PROBLEM DETAILS:
Retype the material that follows exactly, limited to the lines from the one with "CK-Photo-Nashville-Wedding-Photographer-_0012.jpg" through the one with "Rouge Crayon Couleur", and keep out all pictures.

INPUT RECORDS:
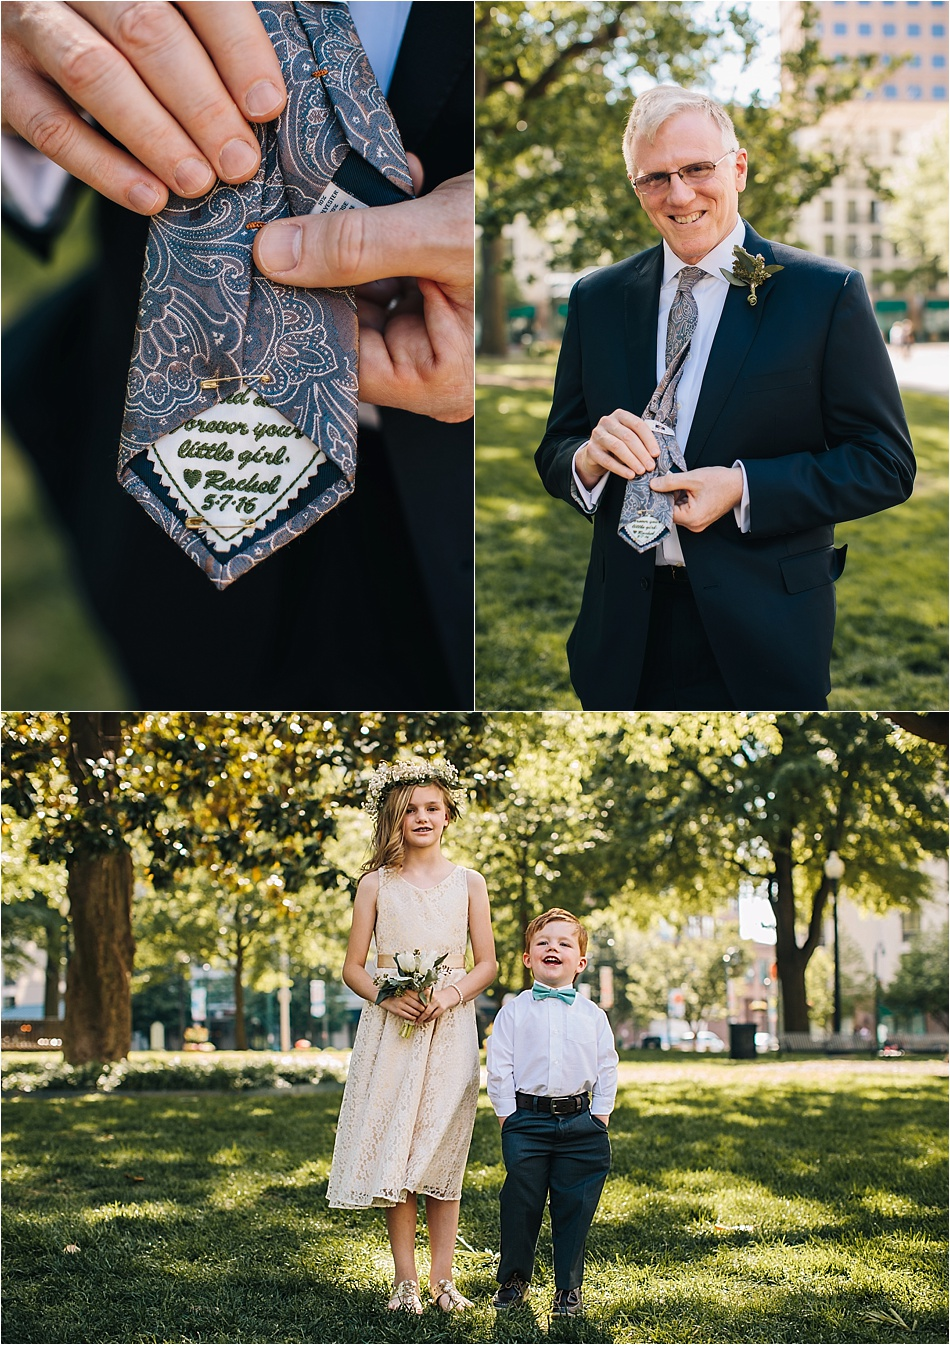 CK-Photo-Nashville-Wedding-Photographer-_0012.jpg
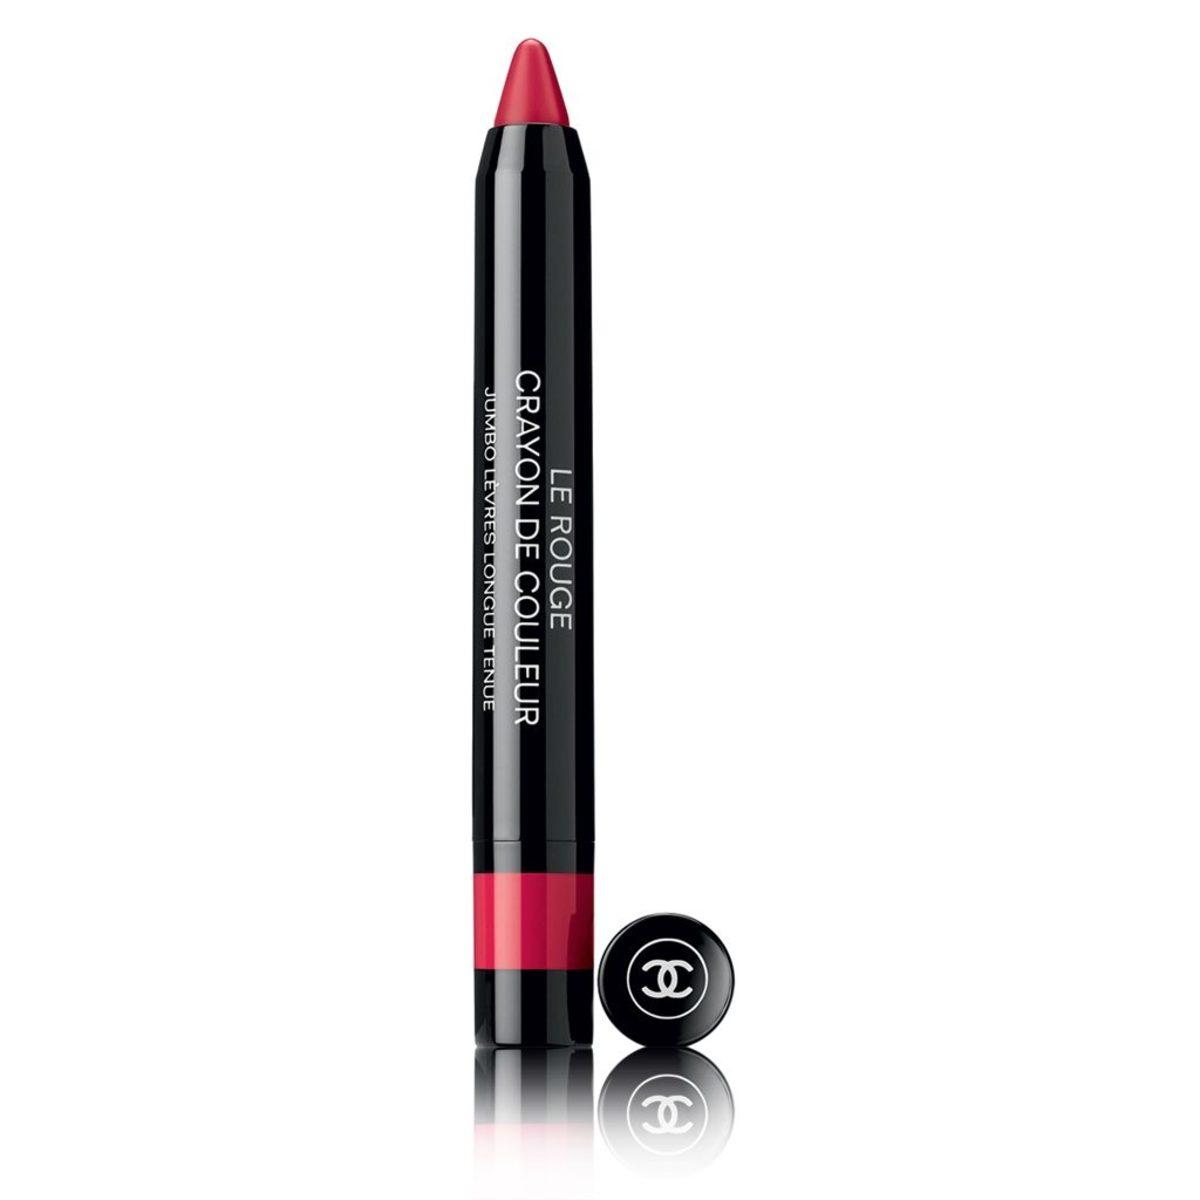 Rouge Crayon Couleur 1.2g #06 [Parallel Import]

...

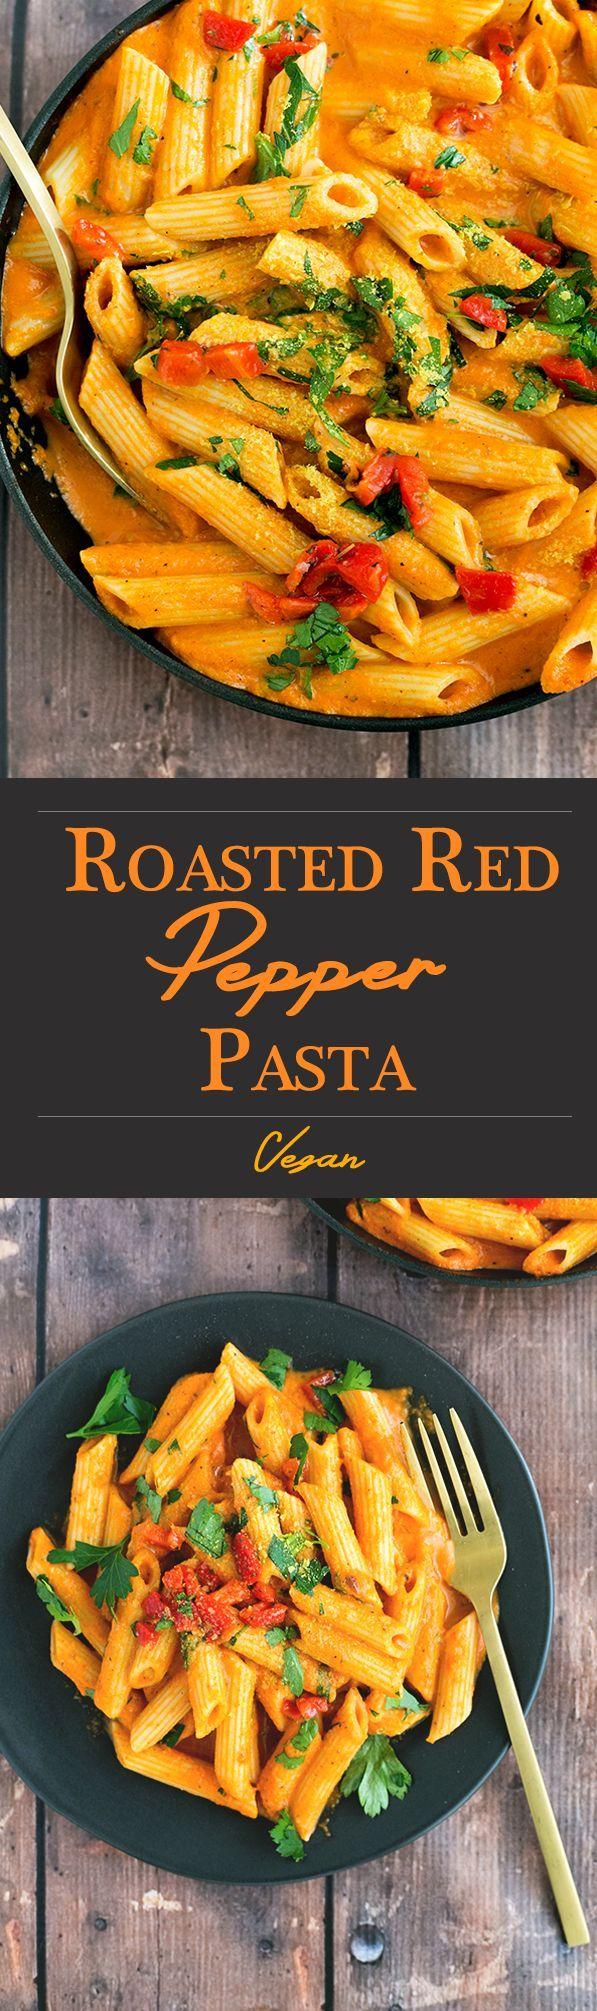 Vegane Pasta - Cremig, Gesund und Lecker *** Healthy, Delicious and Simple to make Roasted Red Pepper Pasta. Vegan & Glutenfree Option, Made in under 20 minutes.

--

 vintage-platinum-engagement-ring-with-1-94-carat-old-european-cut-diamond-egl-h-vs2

EXERCISE ANSWER:
 CK-Photo-Nashville-Wedding-Photographer-_0012.jpg
 Rouge Crayon Couleur 1.2g #06 [Parallel Import]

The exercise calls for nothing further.